Finding the limit with definite integral is generally to find the limit of some summation formulas, and classifying the limit of summation formula as definite integral is based on the definition of definite integral and the properties of integrable function. We know that definite integral is the limit of special summation formula, in which there are functions, interval lengths and arbitrary points between cells, and the division method between these cells and the selection of arbitrary points are arbitrary and complicated. On the other hand, we know that continuous function is integrable in its continuous interval, that is, definite integral exists, which can of course be expressed by the limit of summation formula. Here we choose a special method to get the points between cells: divide the interval into n equal parts (or n- 1 equal parts) and select the end points of the interval, so the limit of the sum formula obtained should also be equal to the definite integral. We see this kind of problem, which is generally called sum limit.
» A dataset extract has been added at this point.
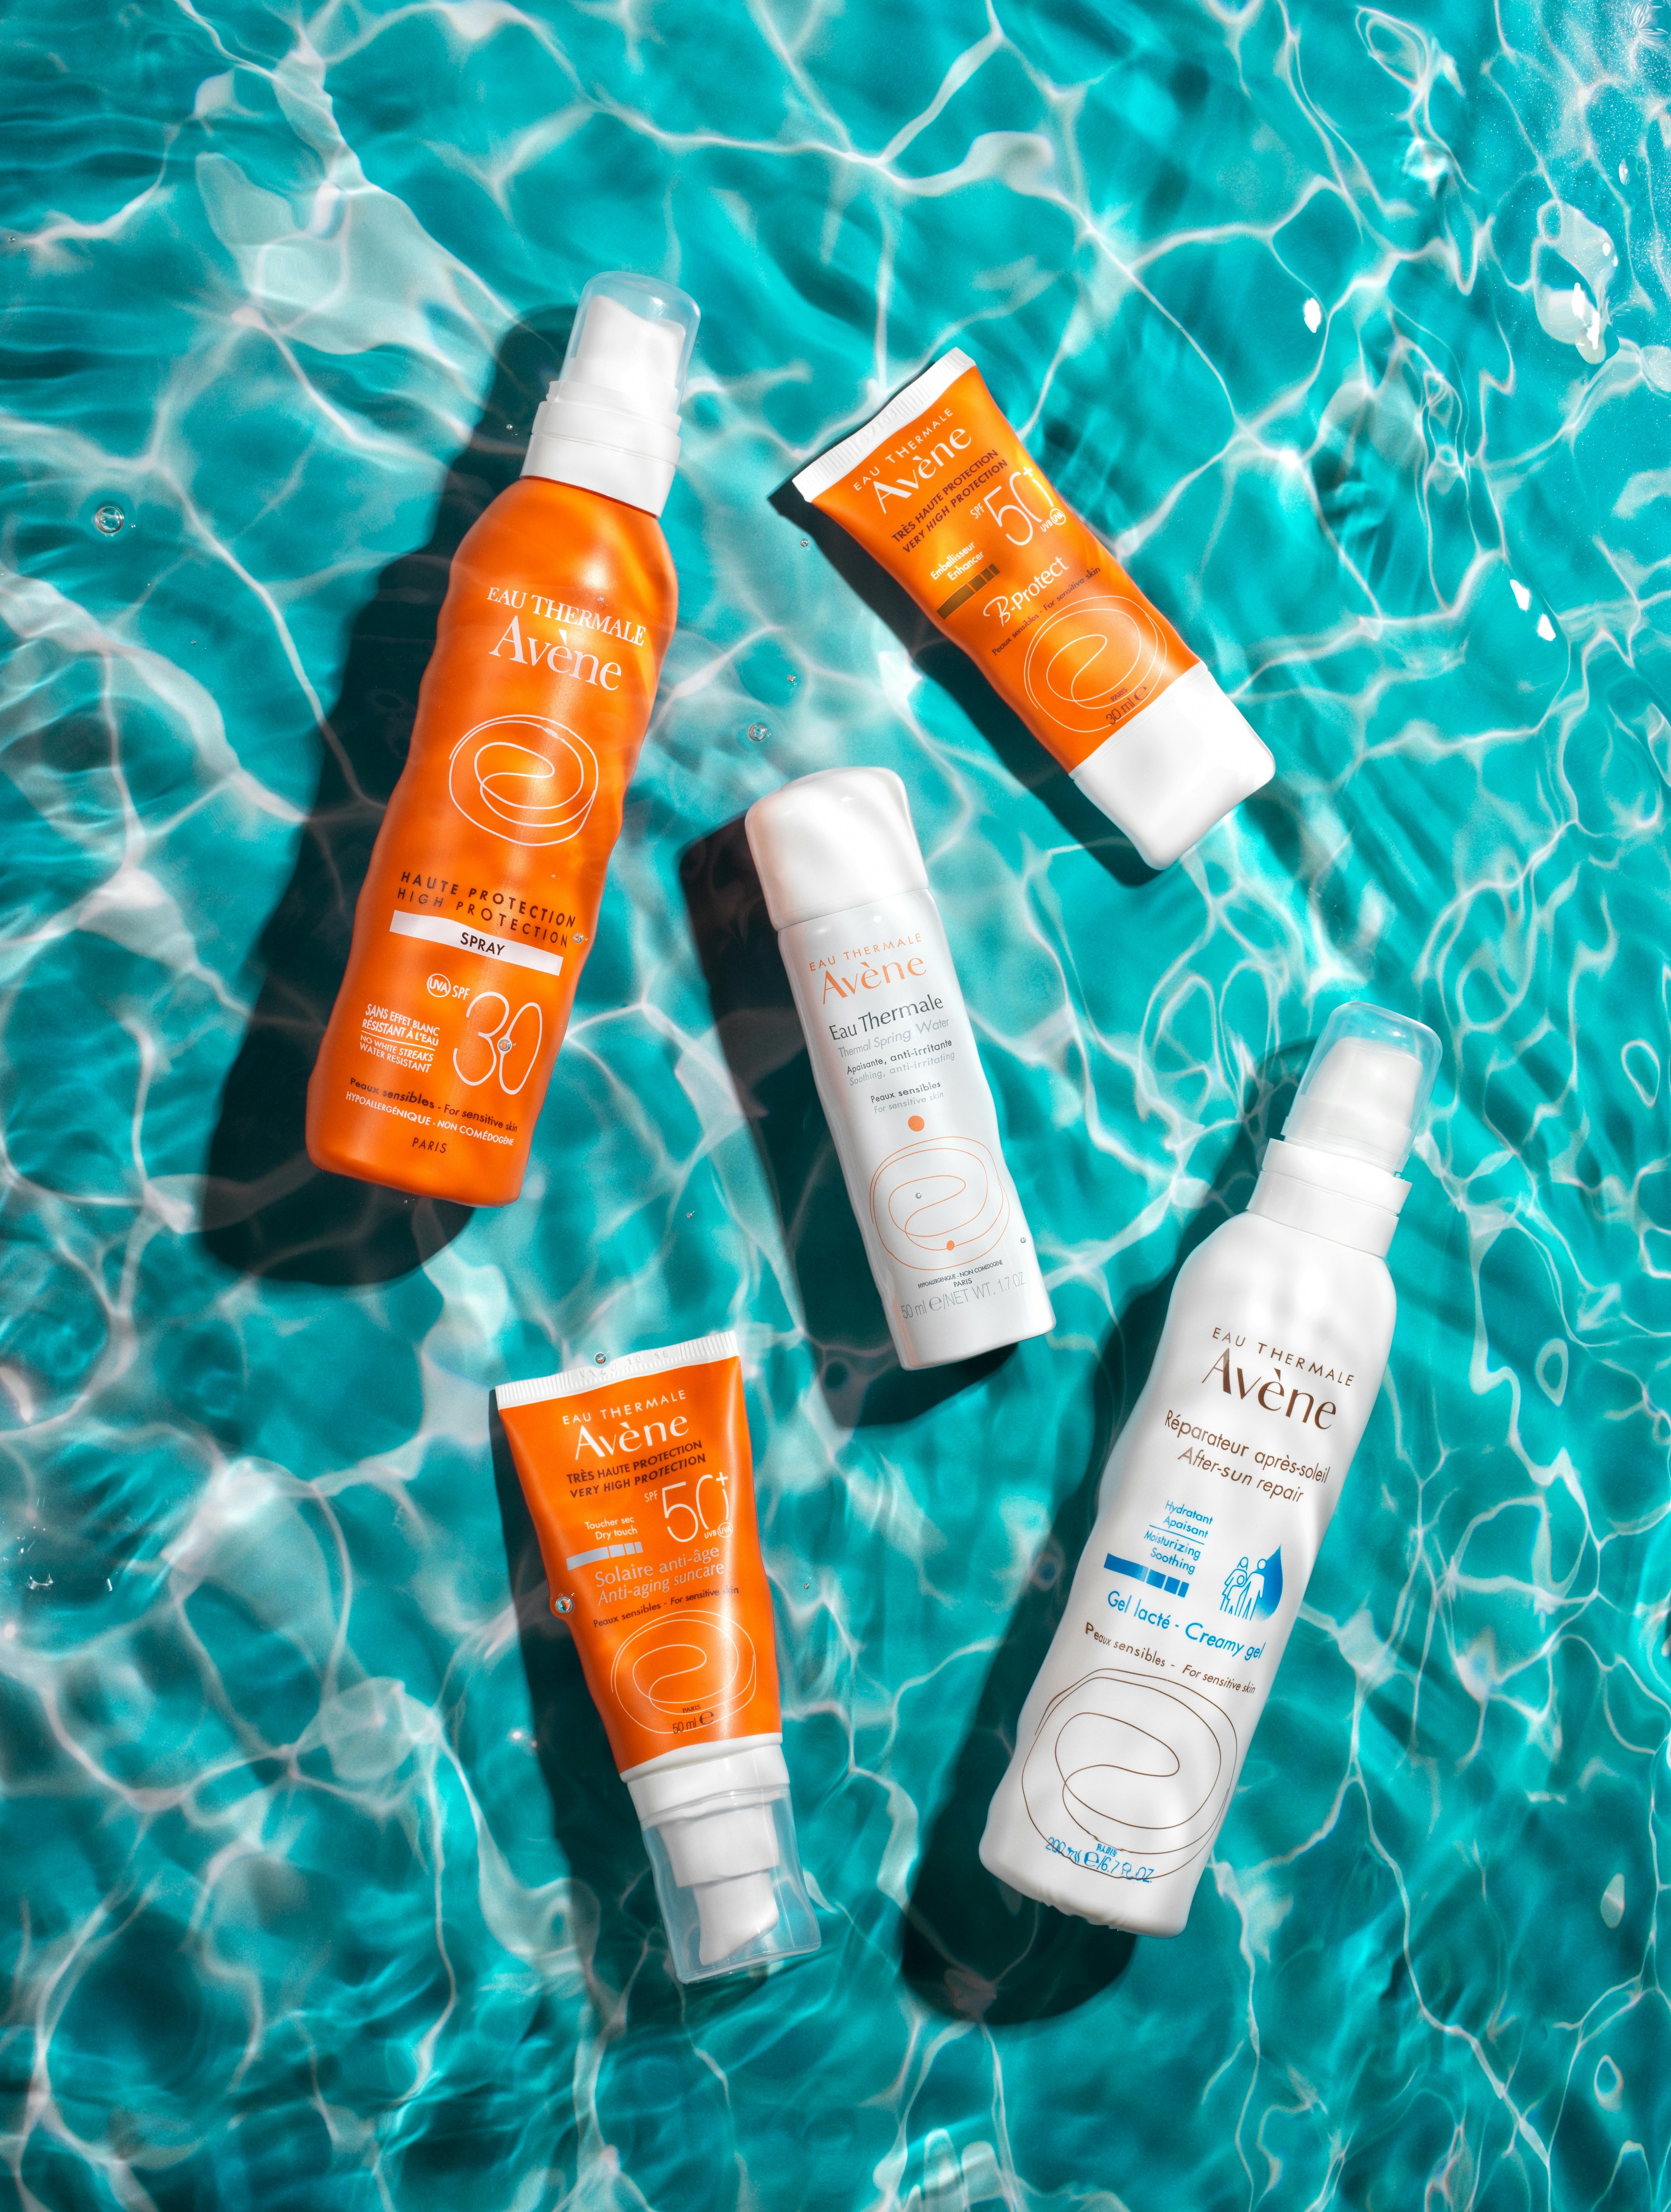 Beskyt og plej din hud i sommersolen med Avène solprodukter fra apoteket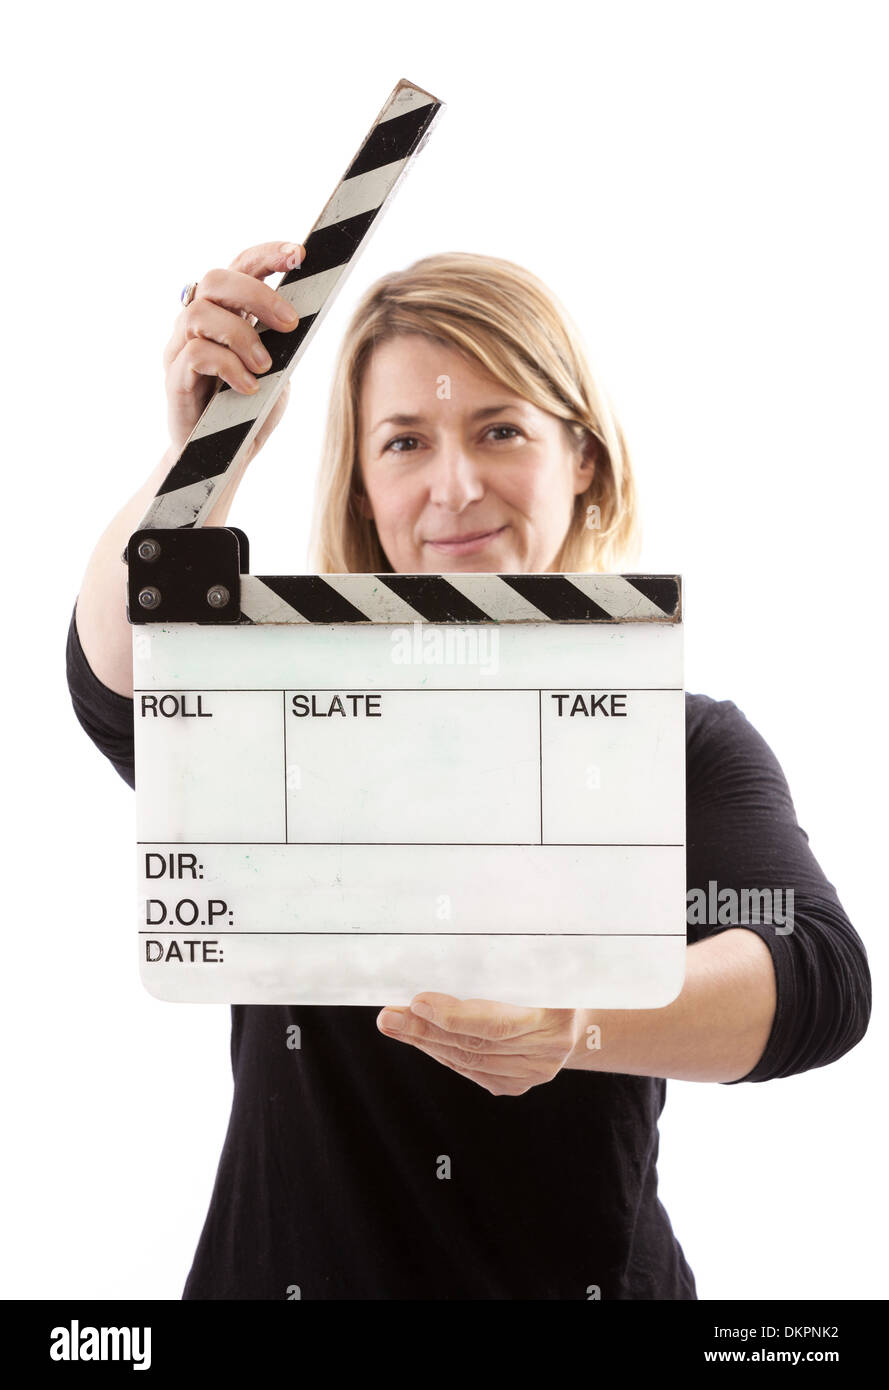 Frau mit einem offenen Filmklappe auf weißem Hintergrund. Selektiven Fokus auf dem Brett. Stockfoto

Turning into definite integral requires some skills and reverse thinking. In the process of transformation, the key is to turn each term in the sum into a factor of 1/n. This topic has already been found, and the remaining k-th term is sin(kπ/n), and the integrand can be sinπ x.n. Then the value range of k/n should be1/n-> 1。 Because n tends to infinity and 1/n tends to 0, we can know that the integral interval is [0, 1], and the limit can be converted into the definite integral of sinπx on [0, 1]. (You can try it the other way around, divide the interval into equal parts, express sinπx as sum limit by definition, and that gram c takes the endpoint between cells).

Note: If kπ/n is x, the integrand is sinx, and the integration interval becomes [0, π].